Она вдруг запела своим волшебным голосом начало вагнеровского наброска к «Тристану и Изольде»: «Скажи, какие чудные мечты…» Эрнст тихонько подошел к роялю и подыграл ей. Продолжая петь вполголоса, Ланна последовала за ним и поставила ноты на пюпитр. При этом ее рукав коснулся лба Эрнста. Сладкий озноб пронзил все его существо и дрожащим напевом остался в крови. Бесконечной тоской отзывались и сердце полнозвучные септ- и нонаккорды на фоне печальной мелодии томления: «Мечты, мечты… Те, что в добрый час…» И еще раз: «Мечты…» И, затихая: «Мечты…» — эхом откликнулся рояль.
Эрнст оторвал руки от клавиатуры, они бессильно повисли вдоль тела. Ланна Райнер стояла перед ним и смотрела на Эрнста загадочным взглядом.

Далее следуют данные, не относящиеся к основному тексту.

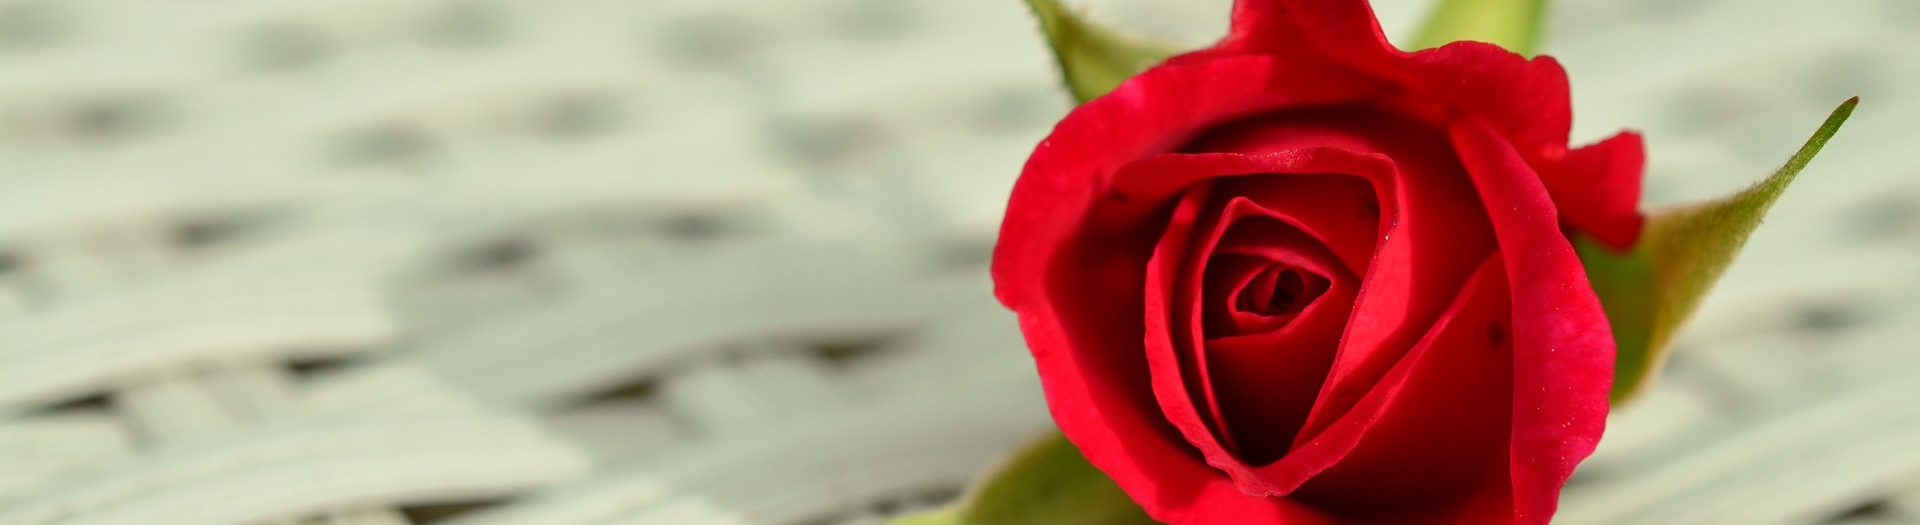 Kaunista oma koduaeda Põltsamaa Roosiaias kasvatatud roosidega

— Только мечты и значат в жизни, а действительность сера и безрадостна…
— Нет, мечта — это мечта…
— А жизнь — это Эрнст Винтер, — произнес голос из сумерек.

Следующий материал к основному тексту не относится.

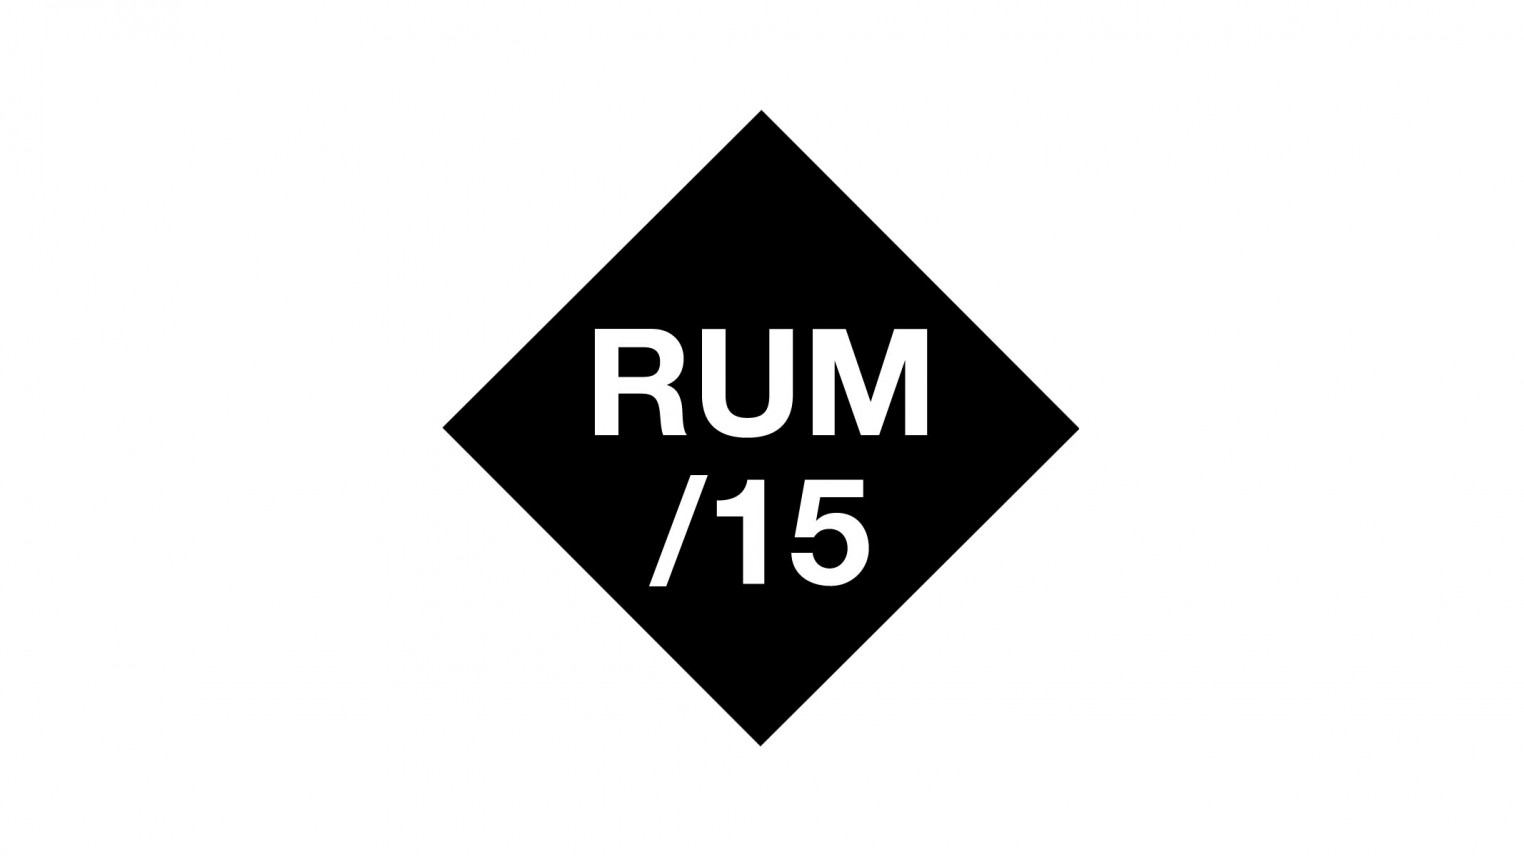 Rum/15

— А чудо — это Ланна Райнер…
Пламенеющий закатный луч золотой короной лег на лоб Эрнста.
— Верите ли вы в чудо, Эрнст Винтер?
— Да, Ланна Райнер.
Ее красивые яркие губы дрожали, когда она едва слышно спросила:
— Не хотите ли научить меня этому?
— Но ведь я просто в него верю, — почти машинально ответил Эрнст, глядя куда-то вдаль.
— Разве вера никогда не обманывает, Эрнст Винтер?
— Никогда, Ланна Райнер.
Сумерки сплетали из их голосов серебряную ленту над розовыми мечтами.
— Я жажду чуда, Эрнст Винтер, — мечтательно сказала красивая женщина у рояля.
— А у меня… чудо… уже есть, — едва слышно, запинаясь прошептал Эрнст и без сил опустился перед Ланной на пол.
Она долгим взглядом посмотрела на Эрнста и легко коснулась его лба своей узкой рукой.
— Это все сумерки… — выдохнула Ланна и медленно направилась к одному из кресел.
Эрнст поднялся, посмотрел на нее отсутствующим взглядом невероятно расширенных глаз. Она сидела в последнем закатном золоте, сквозь которое уже проглядывали сиреневые краски вечера.
Эрнст сдался. Он подошел к Ланне и спрятал голову в подоле ее платья.
Она погладила его по волосам.
Эрнст взглянул на нее. Его лицо было мертвенно-бледным, а глаза от волнения совсем потемнели.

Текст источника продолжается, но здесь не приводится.